The common room was almost empty; nearly everyone was still down at dinner. Crookshanks uncoiled himself from an armchair and trotted to meet them, purring loudly, and when Harry, Ron, Aurora, and Hermione took their four favorite chairs at the fireside he leapt lightly into Hermione's lap and curled up there like a furry ginger cushion.

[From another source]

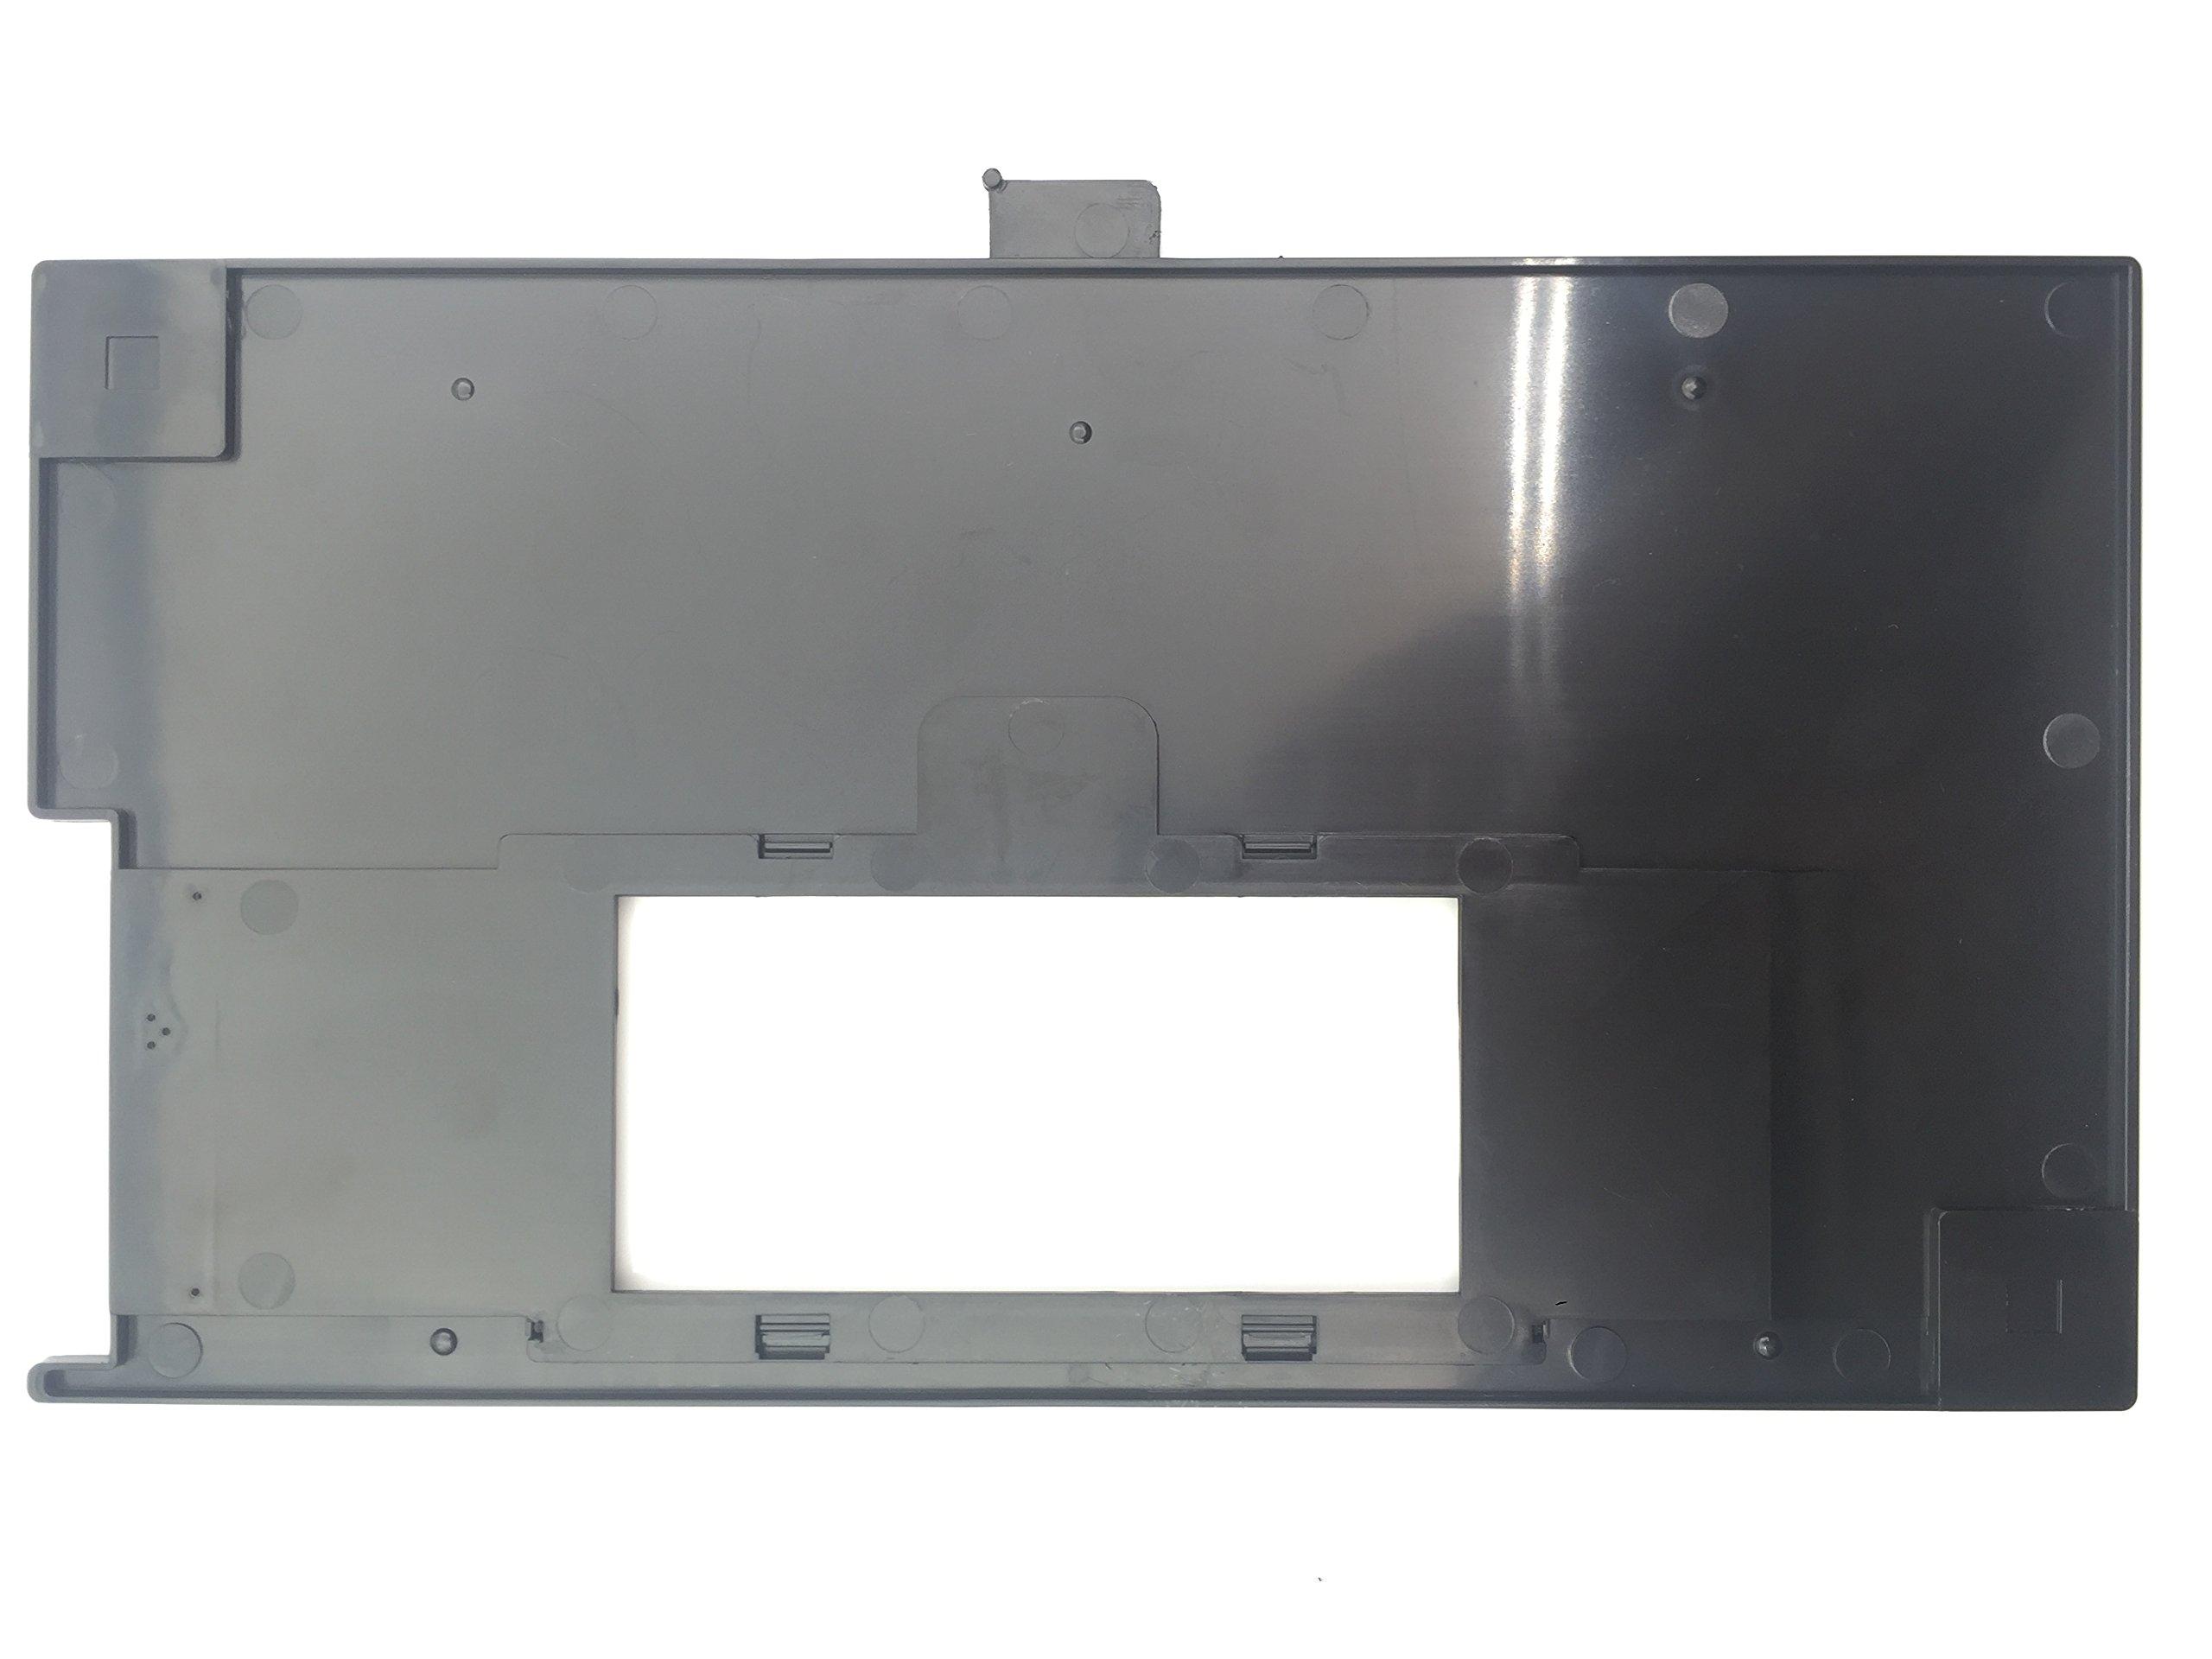 OKLILI 1401439 120 220 620 Photo Holder Film Brownie 120mm Film Guide for Epson Perfection V500 V550 V600 4490 4990 2450 3170 3200 4180 X 750 X770 X 820 by OKLILI (Image #3)

"How can Dumbledore have let this happen?" Hermione cried suddenly, making Harry and Ron jump; Crookshanks leapt off her, looking affronted. She pounded the arms of her chair in fury, so that bits of stuffing leaked out of the holes. "How can he let that terrible woman teach us? And in our O.W.L. year too!"

"Well, we've never had great Defense Against the Dark Arts teachers, have we?" said Harry. "You know what it's like, Hagrid told us, nobody wants the job, they say it's jinxed."

"Yes, but to employ someone who's actually refusing to let us do magic! What's Dumbledore playing at?"

"And she's trying to get people to spy for her," said Ron darkly. "Remember when she said she wanted us to come and tell her if we hear anyone saying You-Know-Who's back?"